Les déplacements à ces altitudes exigent un apport complémentaire d'oxygène (réserves et masques à oxygène, pressurisation des cabines dans les avions).Appareils de mesure de pression On appelle manomètres les appareils servant à mesurer la pression (le nom de baromètre est réservé aux manomètres qui mesurent la pression atmosphérique).
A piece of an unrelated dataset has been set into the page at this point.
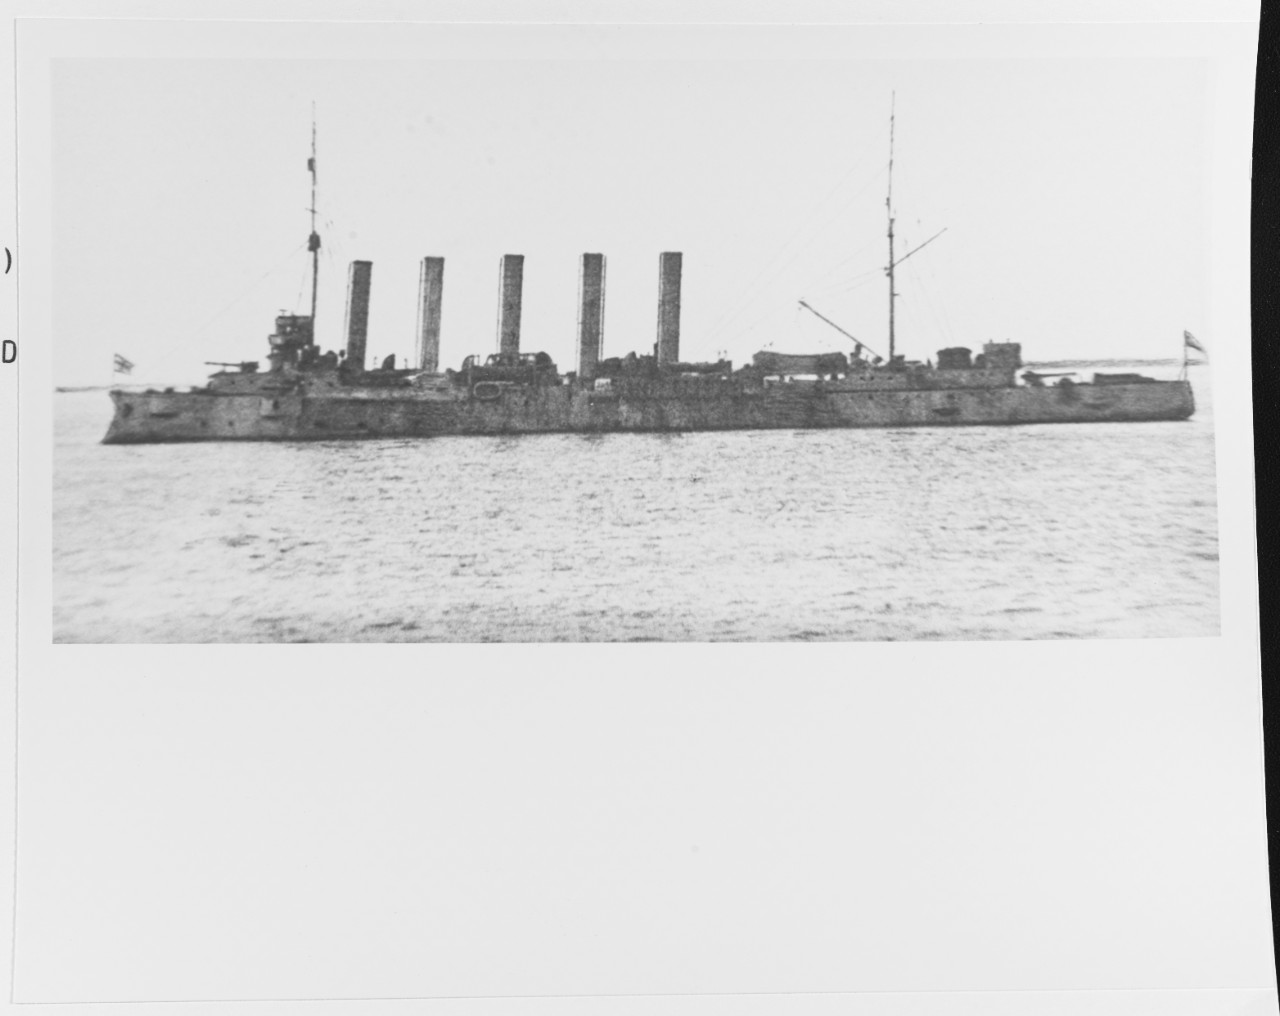 GLORY IV (British Protected Cruiser, 1900-ca. 1920)

Leur principe de fonctionnement dépend de l'ordre de grandeur des pressions à mesurer, du type d'utilisation et de la fiabilité demandée.Types de manomètres Les manomètres à liquide, très précis, sont souvent utilisés pour l'étalonnage des autres types de manomètres. Le plus connu est incontestablement le baromètre à mercure, inventé en 1643 par Evangelista Torricelli. Inspiré par une idée de Galilée, dont il avait été l'élève, il retourne un tube rempli de mercure au-dessus d'une cuve de mercure et constate qu'une partie du liquide reste dans le tube. La pression qui s'exerce sur la surface libre de la cuve équilibre donc le poids de la colonne de mercure. Torricelli met ainsi en évidence la pression atmosphérique et crée, pour la première fois, un vide permanent dans la partie supérieure du tube (appelée chambre barométrique). Sachant que P = rgh, on peut calculer la pression atmosphérique en mesurant la hauteur de mercure. Les manomètres à liquide fonctionnent tous sur ce principe. Les manomètres à air libre, dont la partie supérieure du tube n'est pas fermée, servent à mesurer une pression relative, différence entre la pression à mesurer et la pression atmosphérique. De manière générale, on appelle manomètre différentiel un appareil qui permet de mesurer une différence de pression.